My brave son Ben, watching the pitch come down,
Must teach impossible progenitors
How to be parents to a Texan child;
And over there in Warsaw, Budapest,
And East Berlin they wash the bloody hands
Of Beethoven and Sartre, and gently show
Their blood-drunk parents just how to be free.
All that I know of baseball comes from Ben.
How is it I am rooted now in him?
Where did he get that authenticity
That makes him pluck with fine unconsciousness
The wrinkle from his pants, and crack his gum?
Raised in a laundry in the Pennine Hills,
His mother is Chinese and loves Racine.
At school they teach him (in the best modern way)
How Hannibal’s elephants crossed the Alps,
How to bow smoothly between bridge and thumb,
Of the white ratios of geometry:
But what is it makes him a Texican?
The new world being born, I helped it come.
Out of its mother’s belly,
of all its ancestors
the fruit, of many seeds, mine being one,
it turned its head and smiled.
Do I betray it now, with this private consciousness,
this slacker form, designed
to opt out of the game?–
thus wars and holocausts too cruel to name–?
I fall into the rhyme,
betray the betrayal.
Evening’s coming. Under the stormcloud
the tired sunlight on the bleachers turns to orange
the white logos on the parents’ tee-shirts,
the white parabolas of their Nike Airs.
Now already the knotted concepts I shaped to stagger
The cruel march of historicism, the smooth slide I polished
At the edge between word and world to trap the haters of humankind,
My carillons of mental bells poured in their melodious foundries,
All these are owned by younger men and women, scholars,
Poets, and they know them and use them better than I ever could,
Being accustomed, as I was not, to my newfangled landscape.
The birds and animals are no longer shy around my constructions.
Their masters, the shepherds and shepherdesses, sing them my songs.
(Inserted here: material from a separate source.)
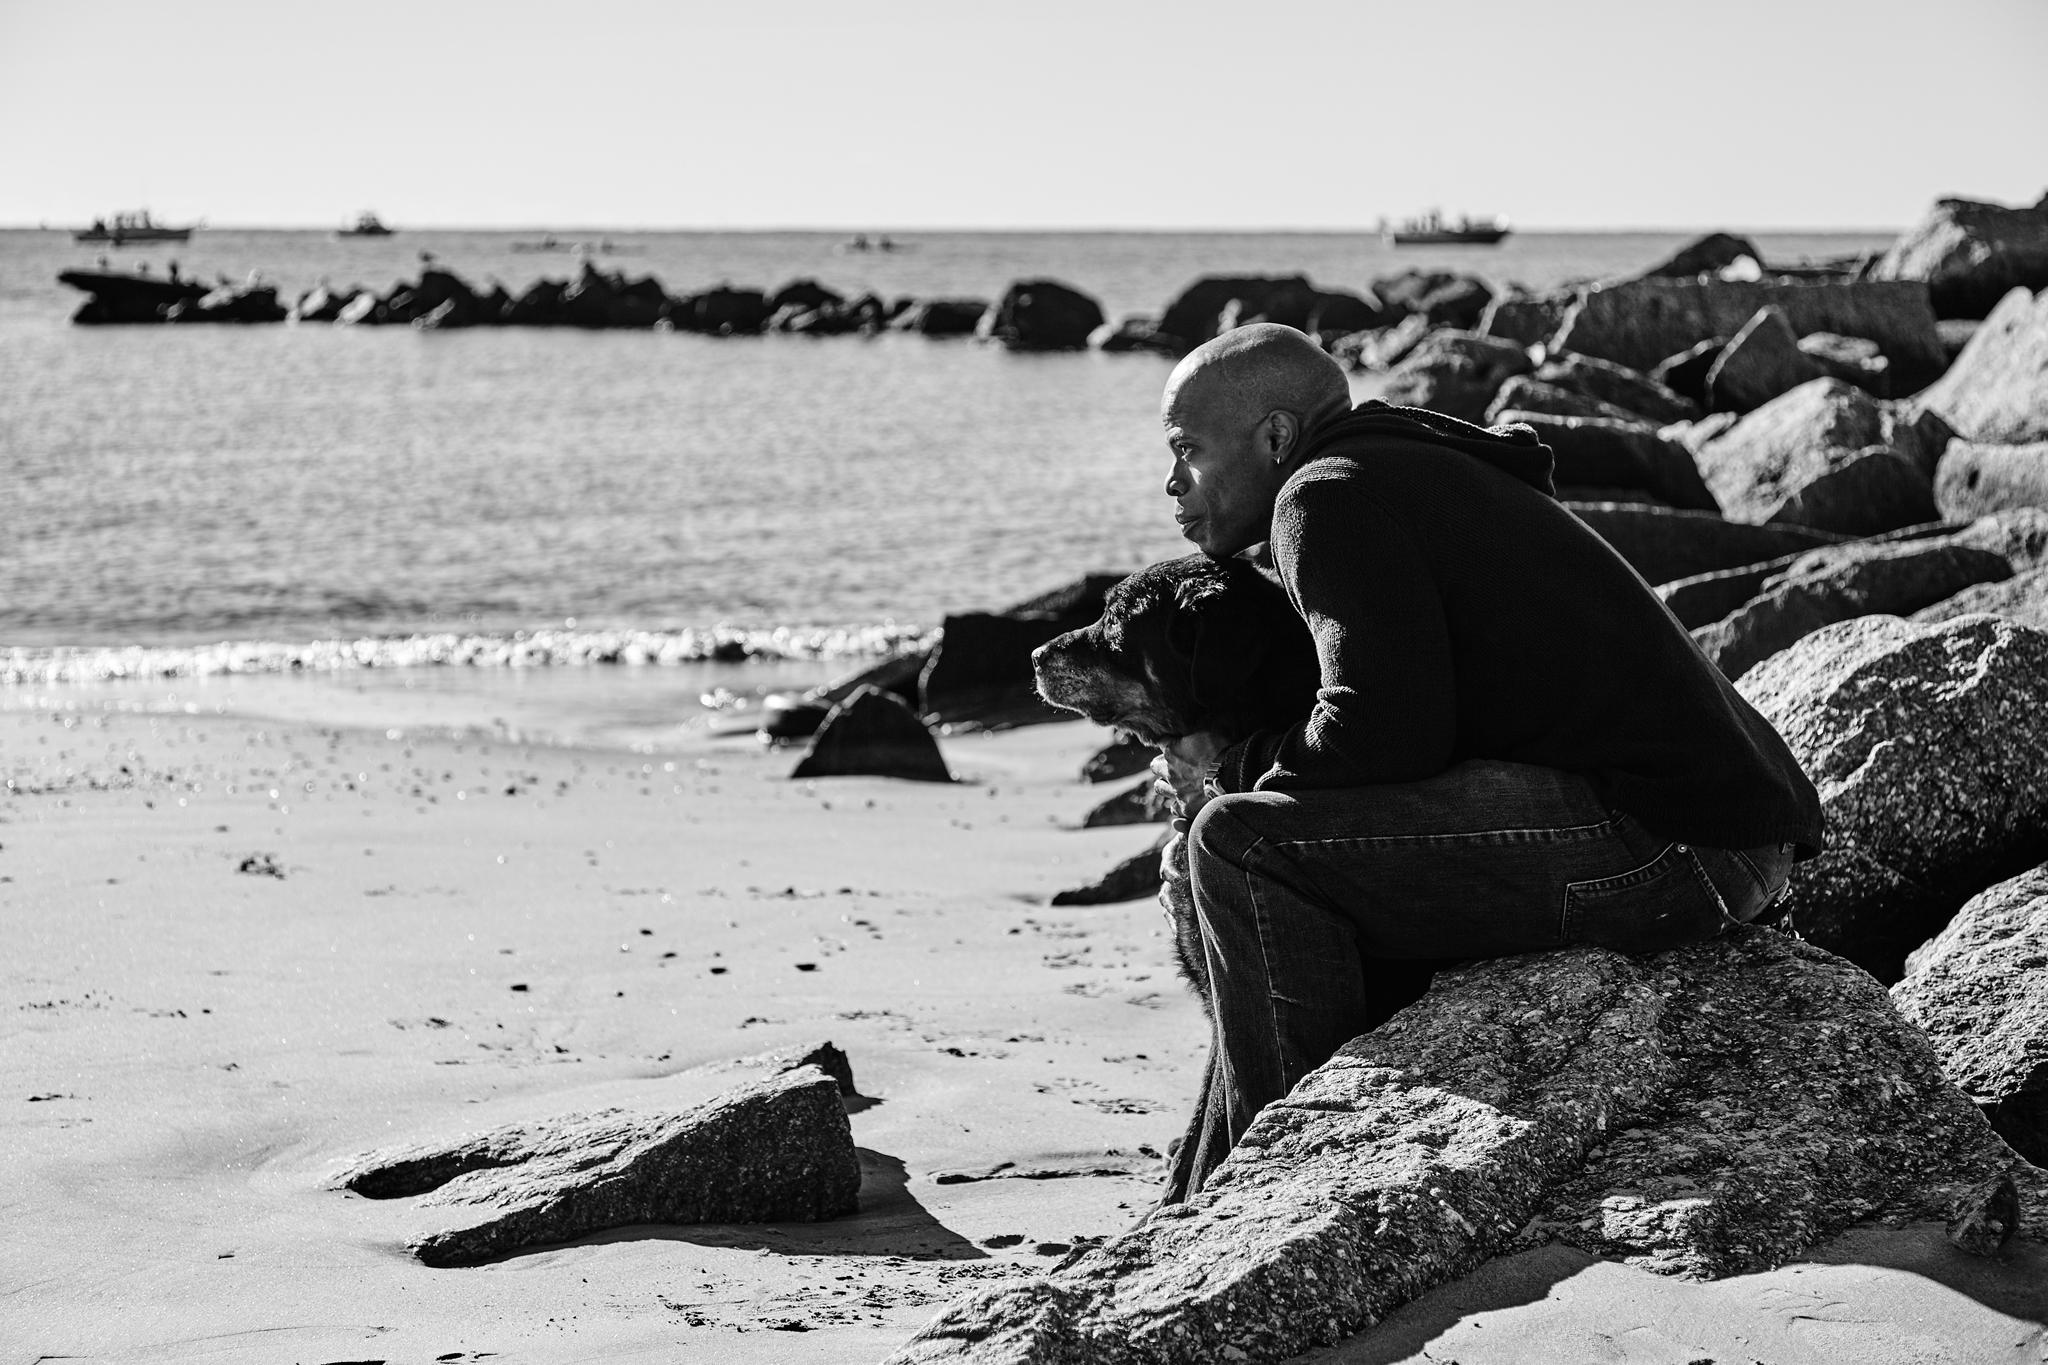 boprey-pet-photography-portrait-nyc_16.jpg

Happy, I pass my possessions on to them; now I prepare for my
Metamorphosis into another being, smelling of
Evening, of thunderstorms over the horizon, of darkening grass.
But soon the floodlights are turned on,
As Plano tilts against the sky,
And endless time piles up above
The ballfield’s little lighted octagon;
An orange skin of evening glows
Beneath the bluelit towers of cloud;
A few drops fall, the game goes on;
The warm, coyote-smelling wind still blows;
The crackle of an utterance
Above the curvature of plain
Echoes in rumbles from the ground
And holds the players in a moment’s trance;
The batter hits a loaded fly,
Ben edges under it, elbows
His baseball cap out of his eye,
And takes it quickly, fires it home, as I
Marvel how second nature grows
Its subtle graft upon the first;
And now another lightning-burst
Has turned the clouds into a purple rose.